Omit every picture, then return the listing verbatim.

━━━━━━━━━━━━━━━━━━━━

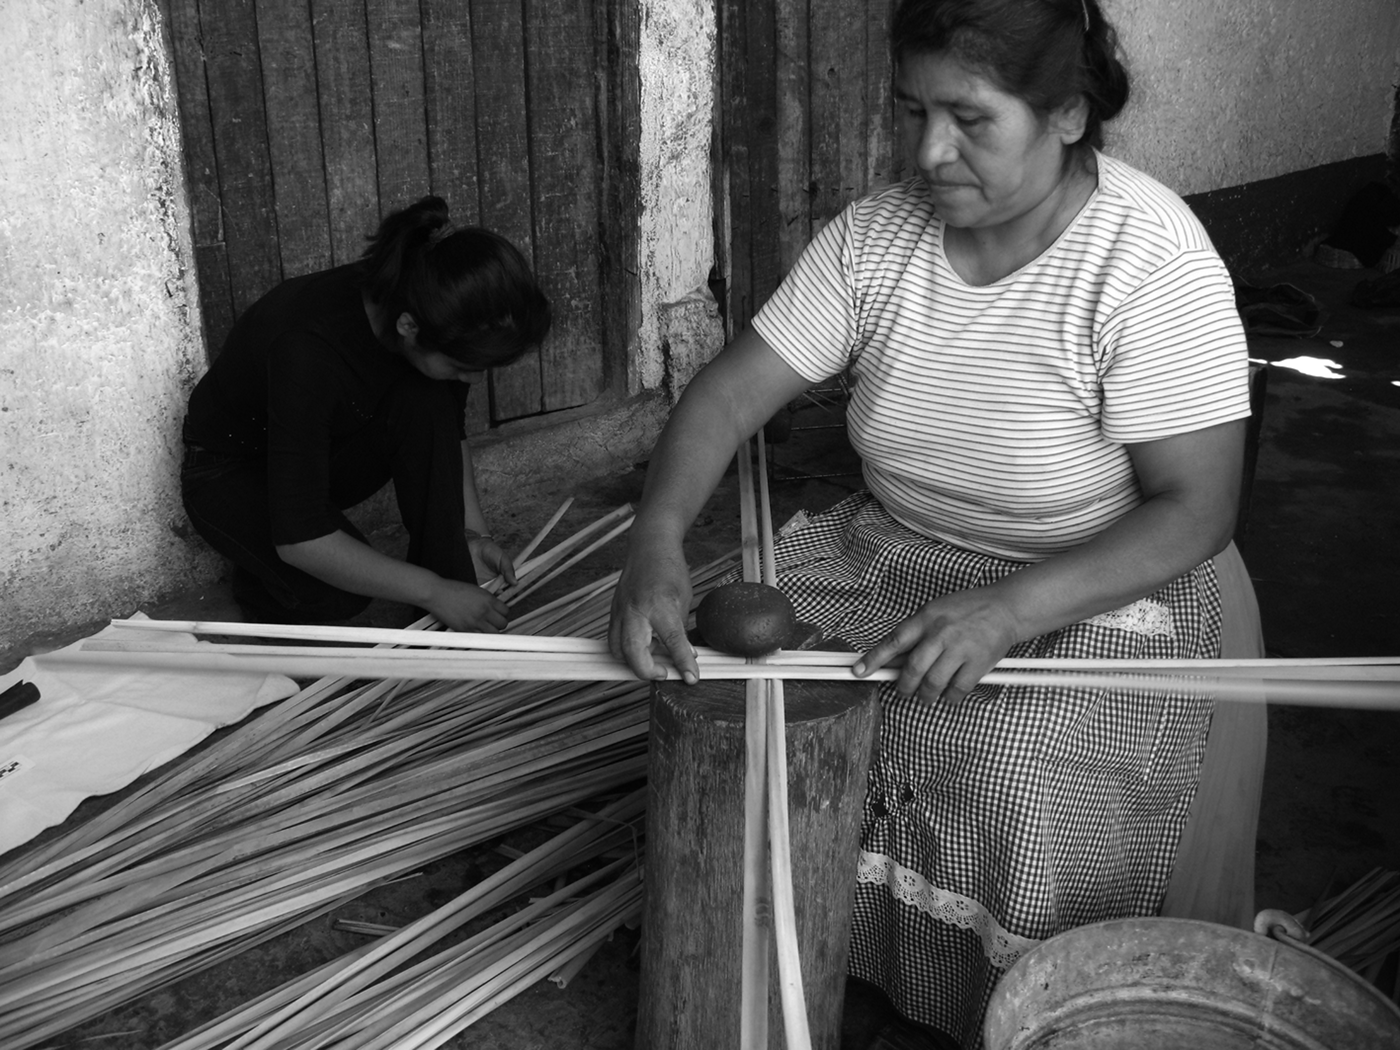 Mini Loom Weaving [Class in Los Angeles] @ Craft Sierra Madre
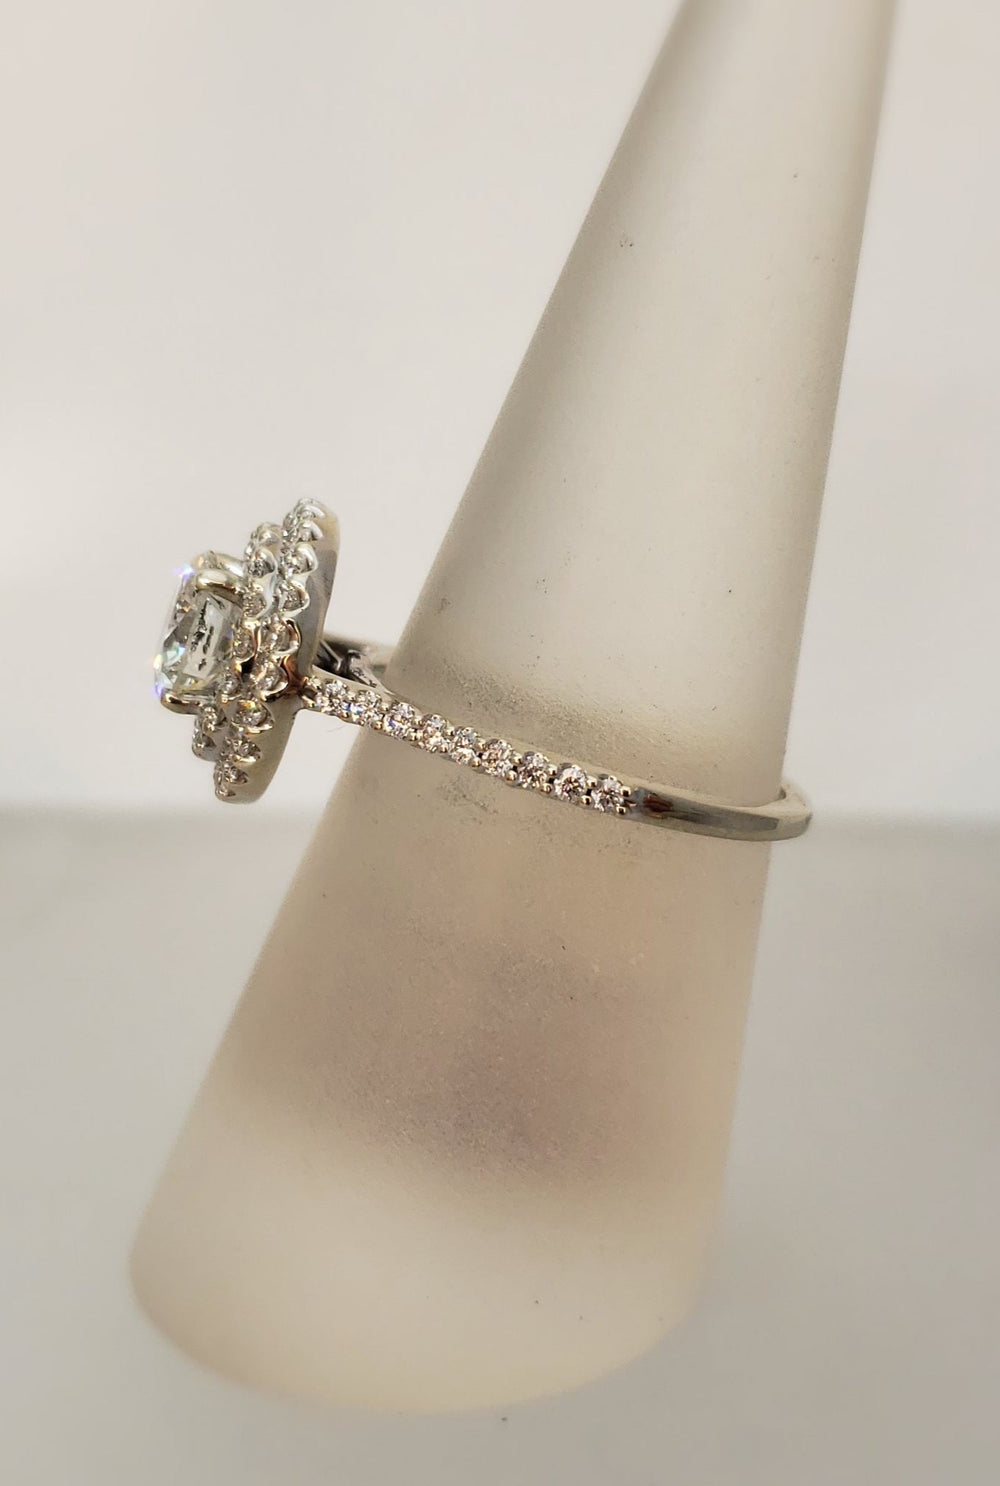 Double halo round brilliant diamond engagement ring
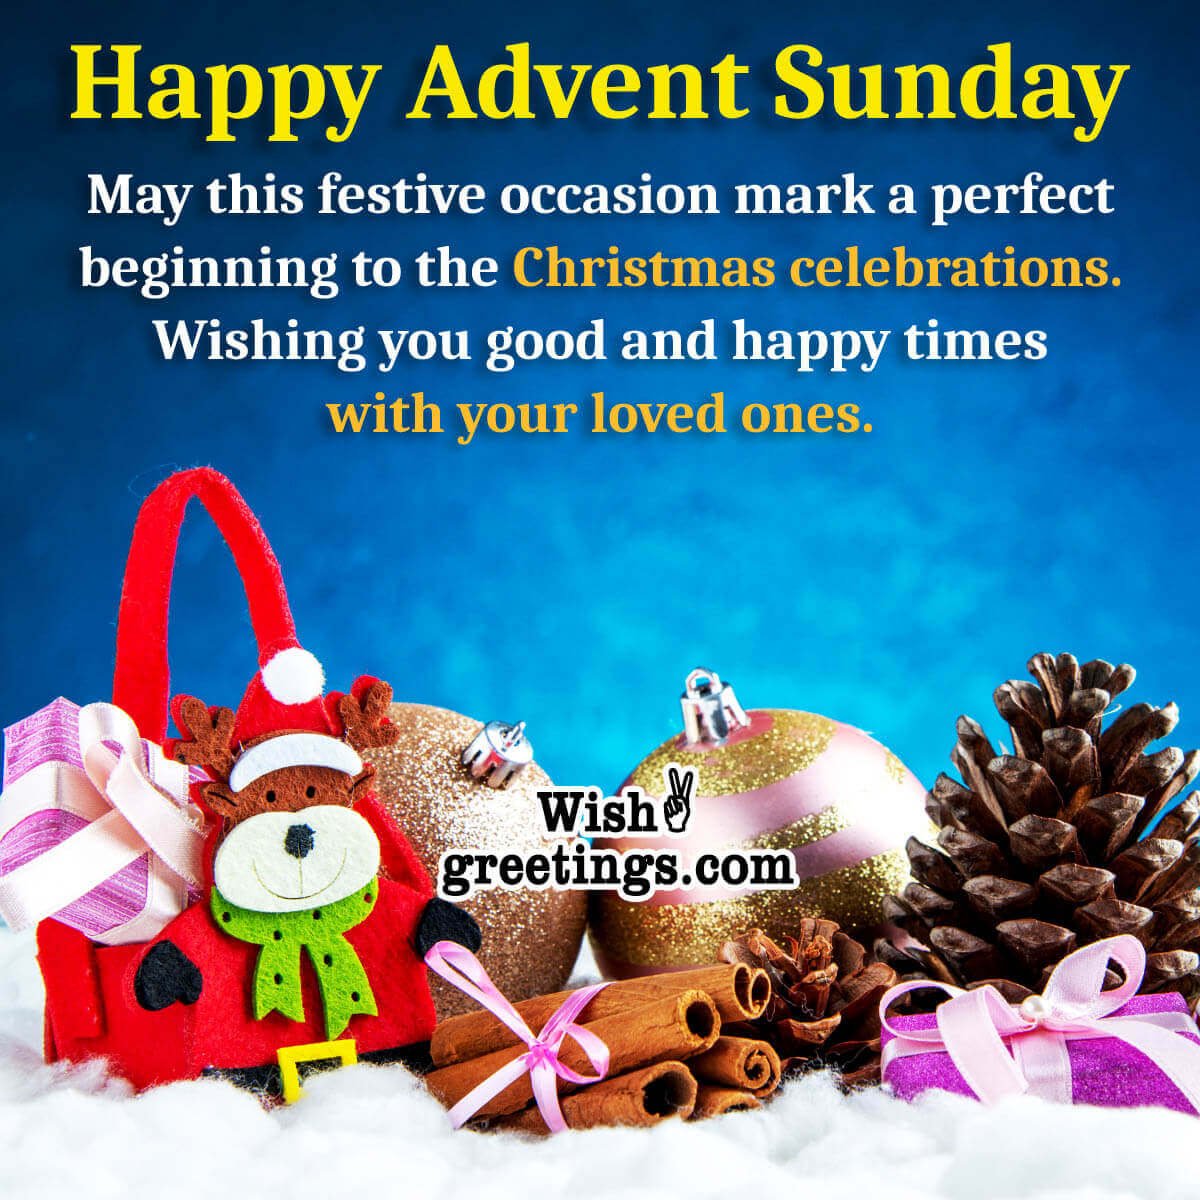 Happy Advent Sunday Message Image
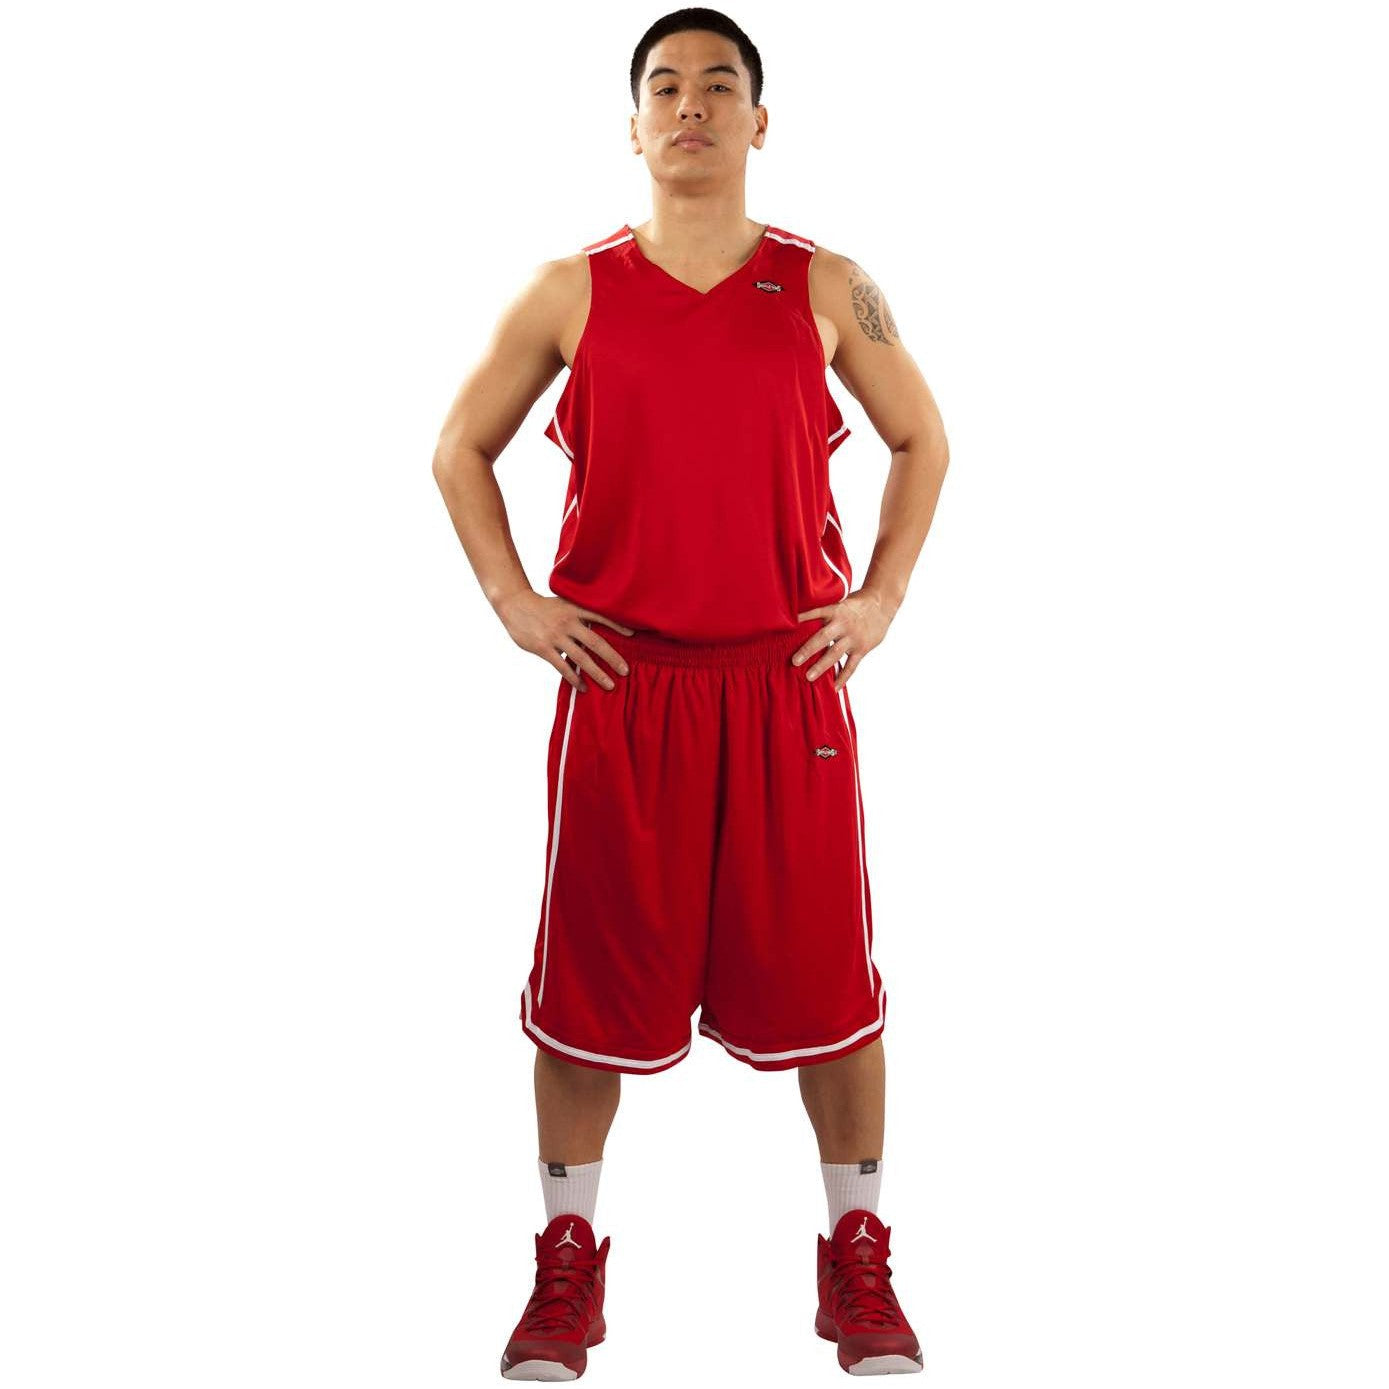 Shirts & Skins Scarlet/White League Reversible Basketball Uniform
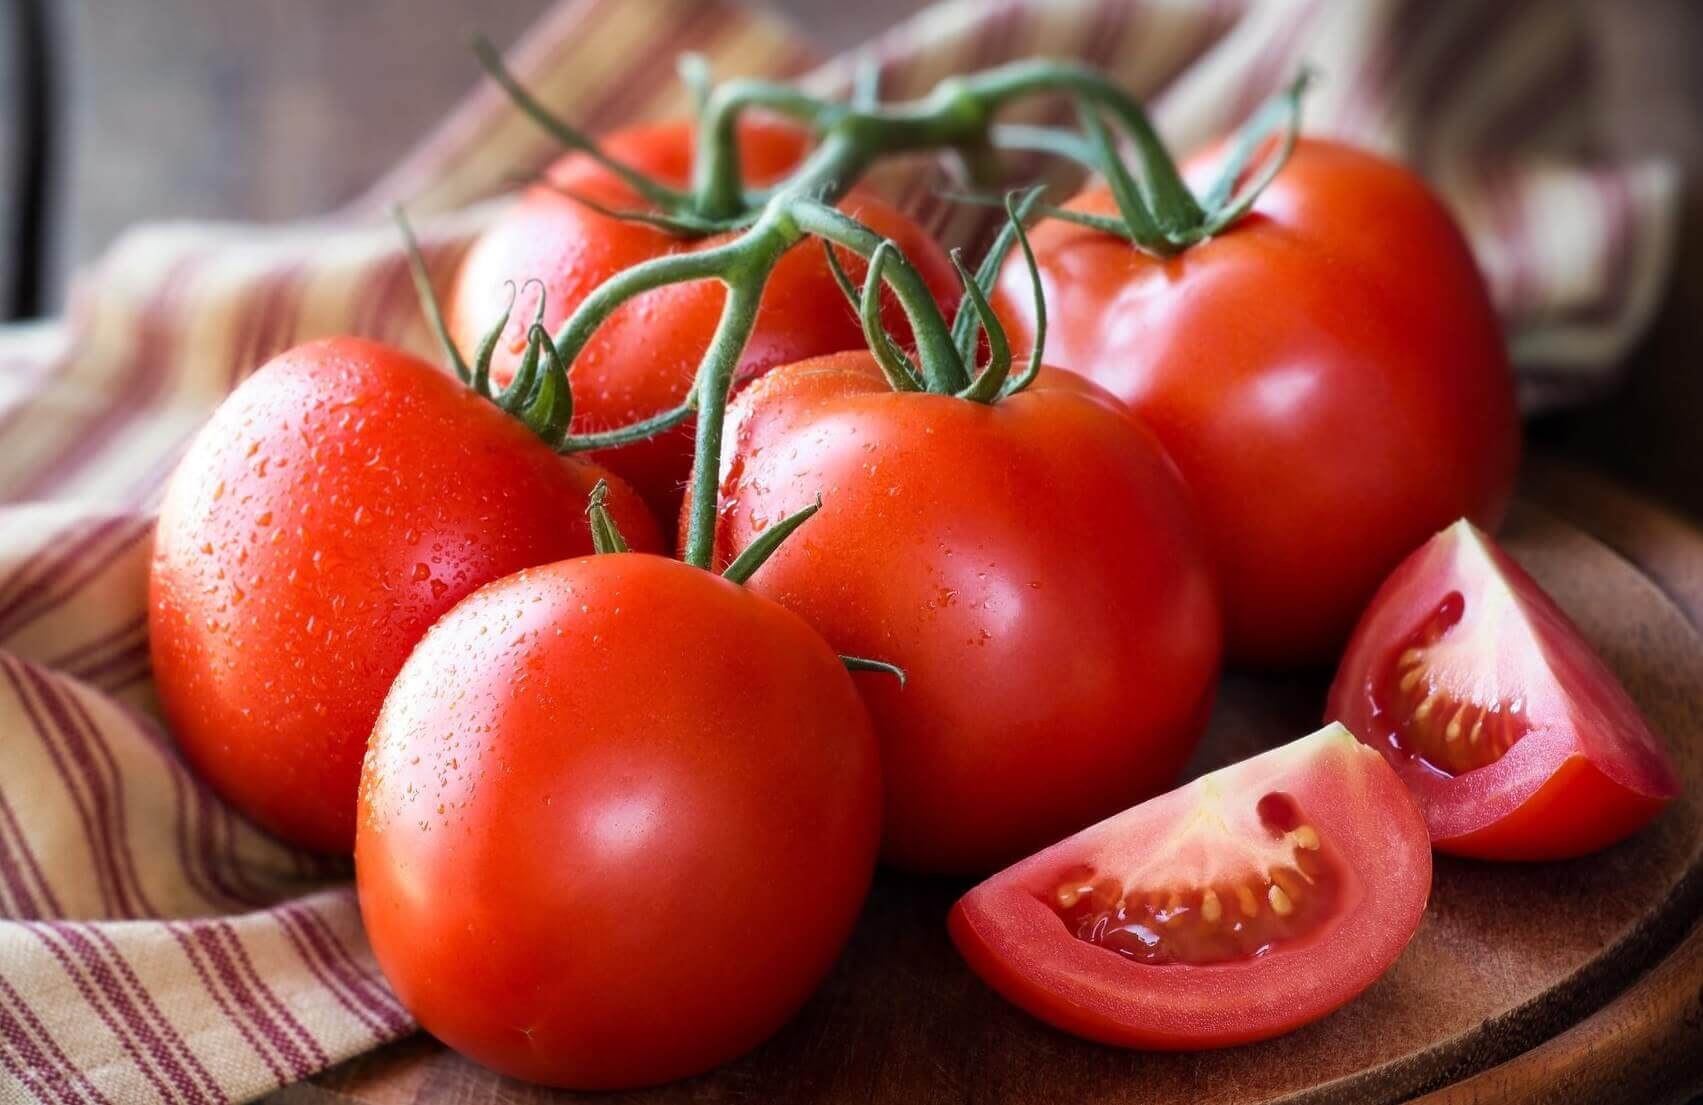 Pronunciation of Tomato

━━━━━━━━━━━━━━━━━━━━

# [OUTPUT]
 Mini Loom Weaving [Class in Los Angeles] @ Craft Sierra Madre
 Double halo round brilliant diamond engagement ring
 Happy Advent Sunday Message Image
 Shirts & Skins Scarlet/White League Reversible Basketball Uniform
 Pronunciation of Tomato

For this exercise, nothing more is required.